The threat of ideological expansion in Asia has been replaced with the threat of an expanding Chinese economy which could replace or at least be a significant challenge to the longstanding hegemony of Western capital. It is in Australian capital’s interest to thwart this expansion every bit as much as it is in the US capital’s.
Australian capital is becoming more and more integrated with US capital, of the top 20 companies on the ASX for example, 15 are majority owned by US based investment firms. The military’s primary role has always been to protect commercial interests. As Thomas Friedman put it twenty years ago “McDonalds needs McDonnell Douglas”. As our financial interests draw even closer, it is natural that our militaries follow suit.
The US, like seventy years ago, is strengthening both its commercial and strategic partnerships with Japan. Japan is similarly to Australia, jostling for position in the region. A significant omission by Japanese Prime Minister Suga Yoshihide, during the annual Hiroshima Day speech this year to “strive towards a world without nuclear weapons” which has been a feature of every Hiroshima Day speech for years, has raised eyebrows. While it alone does not signify a change in policy, it did epitomise a changing mood toward nuclear weapons: that we may be closer to a time when Japan is ready to host nuclear and hypersonic weapons. There is also talk of Japan joining the Five Eyes.
In South Korea President Moon’s government has been actively pursuing peace with North Korea and making concessions to China to not host US missile defence infrastructure, nor to develop its trilateral security co-operation with the US & Japan into a military alliance. The Biden administration has been putting pressure on South Korea to change this and the election scheduled in March 2022 looks set to determine which way South Korea will go on the issue.
As tensions increase it has been no secret that the US has wanted to base nuclear weapons somewhere in the region for some time. Former US Defence Secretary Mark Esper explicitly stated this during his visit to Sydney in 2019, a day after the US terminated the Intermediate Nuclear Forces Treaty.

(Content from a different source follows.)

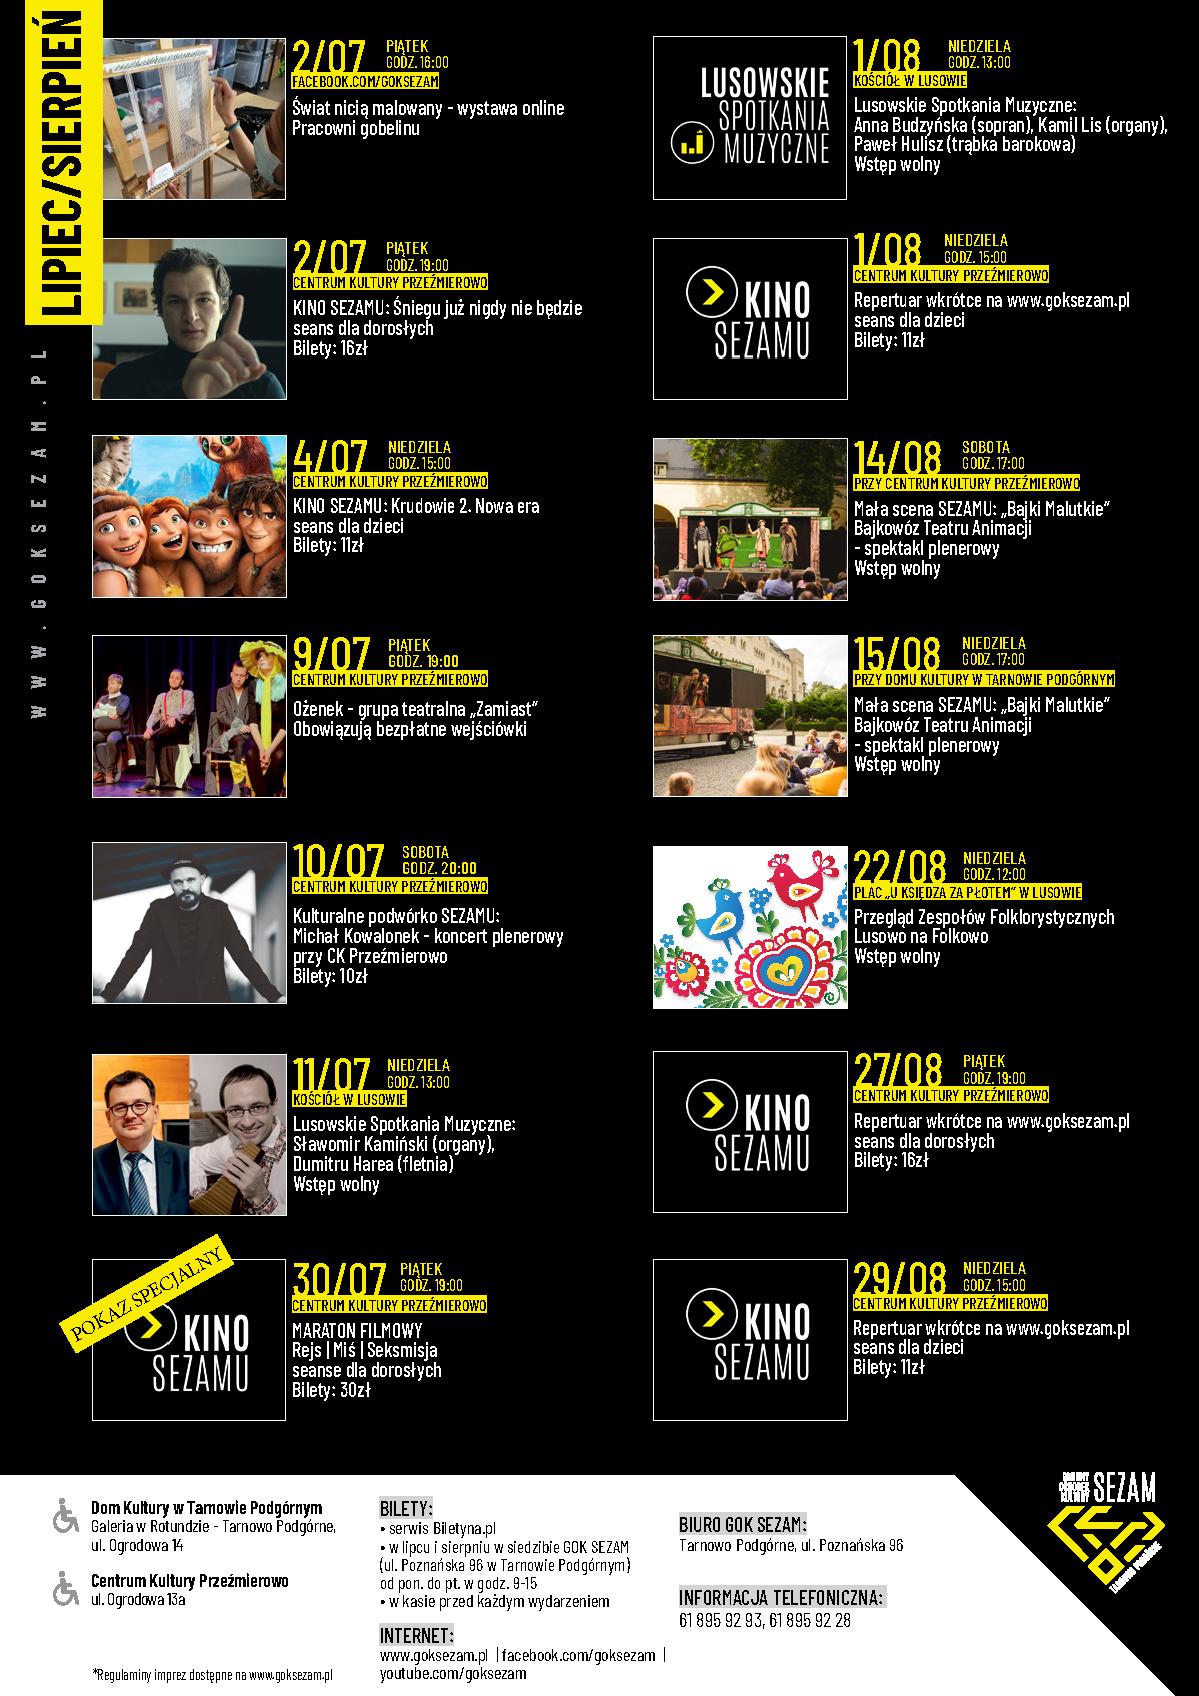 Kino Sezamu: KRUDOWIE 2: Nowa Era

Things like AUKUS don’t happen overnight; expansions to the US Australia Joint Posture Initiative have been discussed at the annual AUSMIN talks since 2019. Since that time, and particularly since the start of the Biden administration, the US has been building its presence in the region at an unprecedented rate. Squadrons of F35s and F 18s have been moved to bases around the region, some at airstrips that have been mothballed for many years and all three of the US’ Seawolf nuclear armed submarines have been deployed to the region. In addition a British aircraft carrier group has joined two US carrier groups in August just south of Japan in the East China Sea. Together, this signifies more firepower than has ever been assembled in one region.
Meanwhile from the Chinese side, their growing power and influence is enabling it to talk up its claim on Taiwan, which it has always considered a renegade province. Taiwan is important to China for two reasons. Firstly, historically: Taiwan epitomises what it sees as its ‘Century of Humiliation’ at the hands of the West. Having what it considers its territory occupied by the west is the last vestige of this. Secondly, strategically: Taiwan stymies deep water access to the Pacific Ocean from China’s coast and is important for Chinese plans to operate deep-water submarines. Control and access to shipping lanes lay at the heart of both the Taiwan and the South China Sea disputes.

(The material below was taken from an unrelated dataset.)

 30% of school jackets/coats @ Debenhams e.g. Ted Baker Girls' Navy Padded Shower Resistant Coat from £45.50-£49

As the tension heats up in the region, the Australian Government needed to ensure it maintain its status. Knowing that its junior partner role to the US would place it in the position of ‘jumping’ to the US’ demands in any future hostilities with China, it took the initiative and ensured its importance to the major imperial power was not only increased, but recognised.
By bringing together AUKUS, Morrison has had a clear victory for Australia’s regional position and ambitions: whatever the outcome or the implications for the Australian people. The US for its part will gain a greater and unprecedented access to Australian facilities while the UK, while a nuclear power in its own right, finds in AUKUS the opportunity to reposition itself on the world stage following the Brexit debacle.